When we select for things like fancy feathers, we could be inadvertently selecting away from good instincts. When we select for high egg production, we definitely select away from the brooding instinct. When one pops up, it is likely missing chunks of it's instinct. This is what makes some of them quit early, or display un-natural behavior, like not leaving for water. Ovarian problems can cause weird hormonal swings, they might make a bird turn broody, or they might make one start to crow. Definitely makes them not live as long, my birds can go easily ten years, raising broods most of that time, or even longer. I have talked to people who had 15 year old birds.
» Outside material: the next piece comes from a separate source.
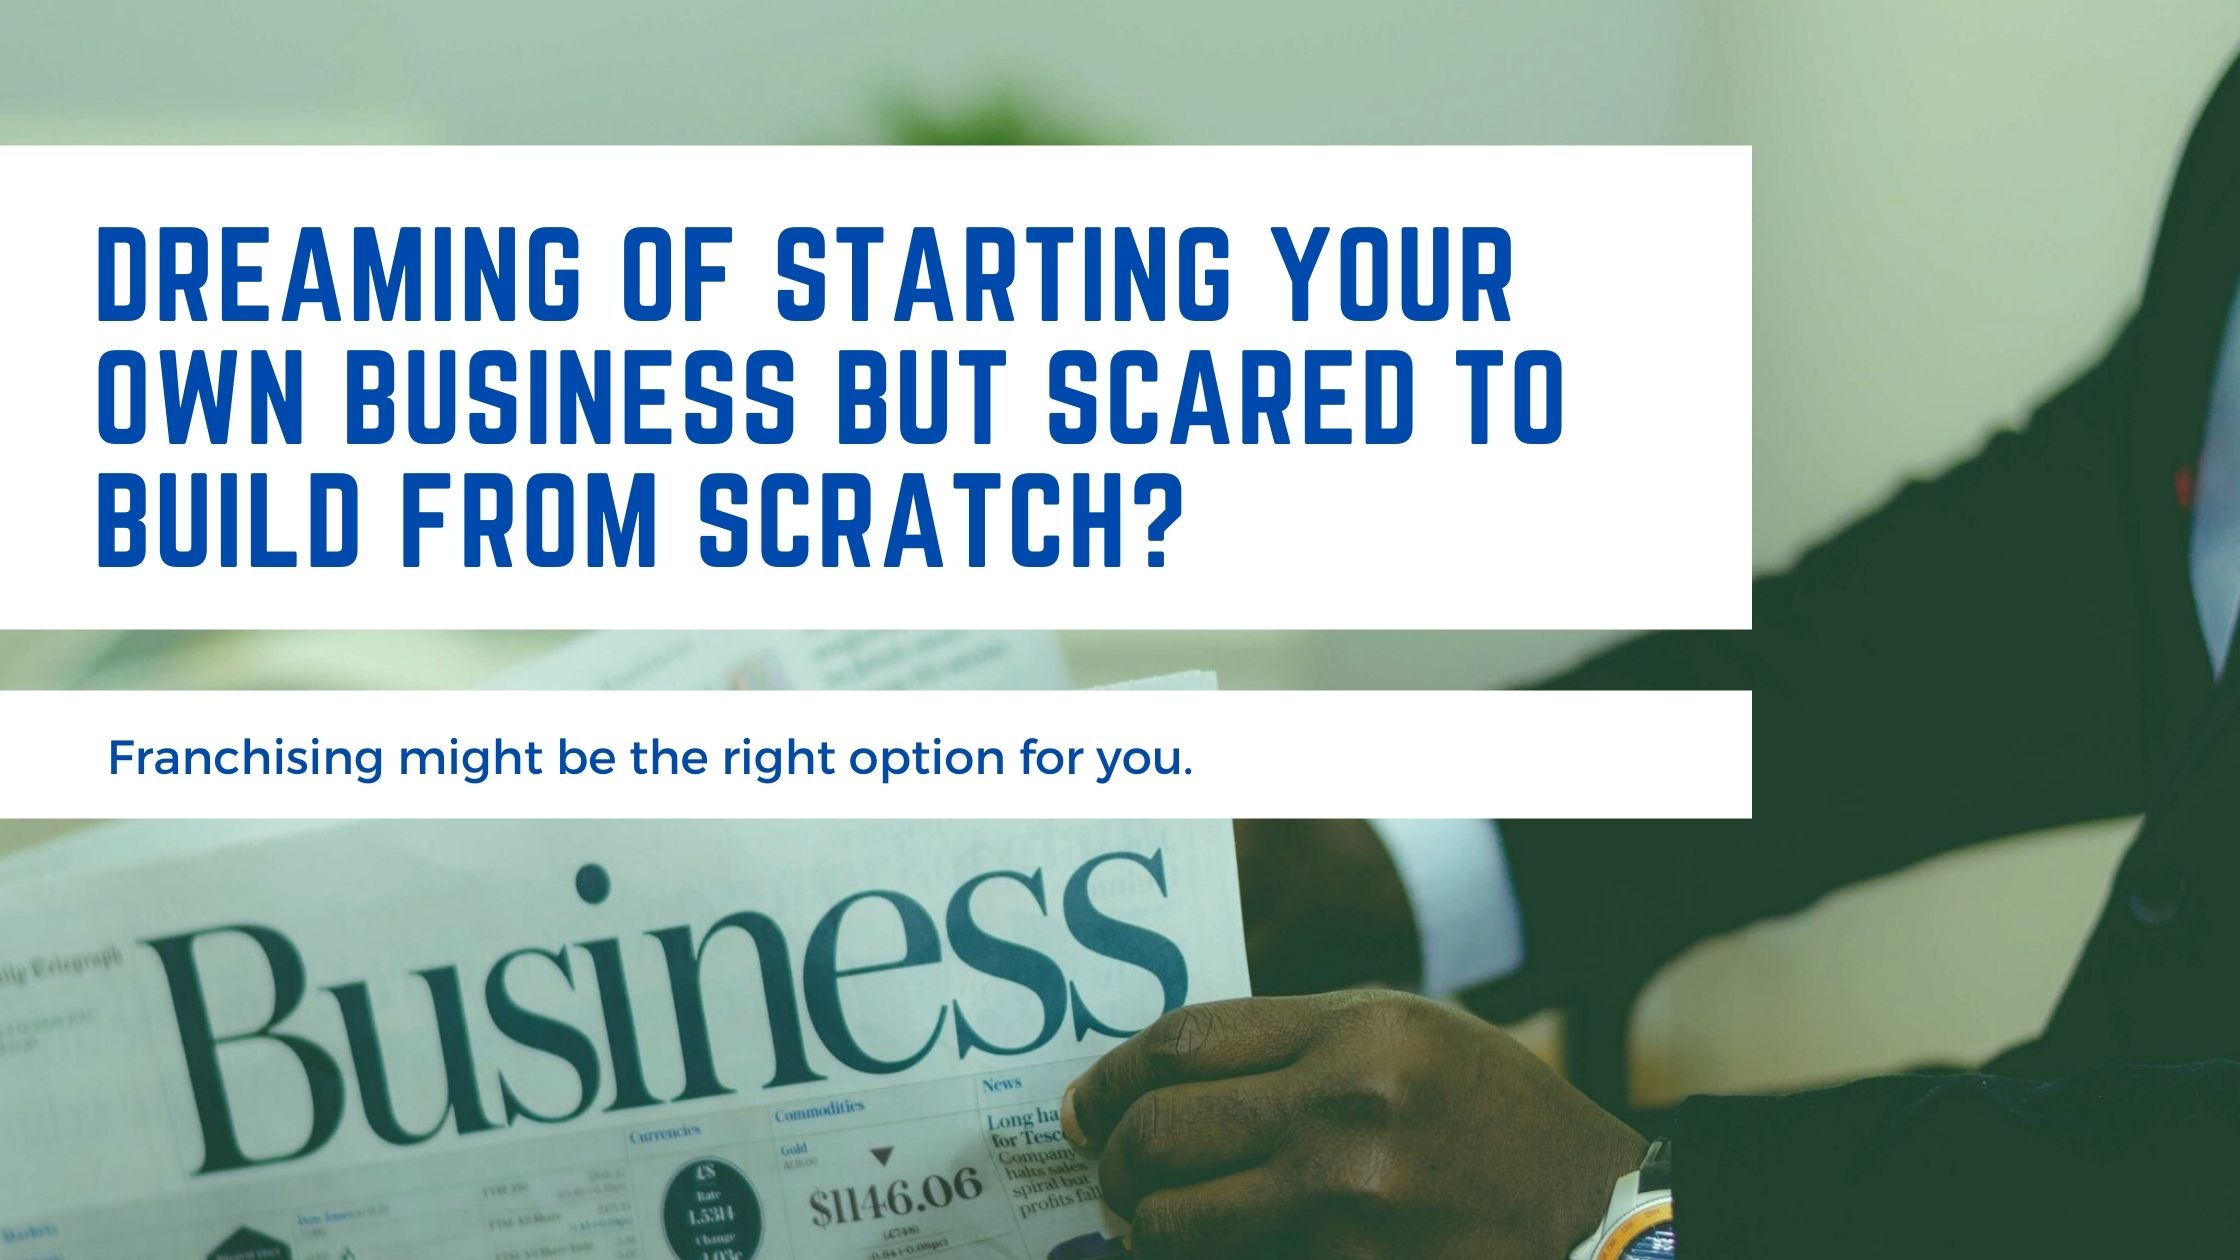 Dreaming of starting your own business but scared to build from scratch? Franchising might be the right option for you.

Selecting for endurance, has it's advantages, and the self preservation instinct would override the maternal instincts in any bird with proper instincts. Mine will brood a lot, but they won't brood if anything is wrong with them, and I don't think they would harm themselves brooding.
I think the true instinct for brooding requires catalysts to activate it. One of these catalysts is heat. I think some of the breeds with the feather foot mutation have filled a broody niche because of the increased insulation of their feet. They are more prone to be triggered. My Ga Noi influenced birds have sparse feathering, tight and brittle. They have strong brooding instinct, but they are not much interested until it gets hot out. My bankivoid gamefowl, (American/OEG) tend to tolerate cooler weather to sit in, but none of them will start in the dead of winter. Winter gives them all the break they need, if you can call winter a break.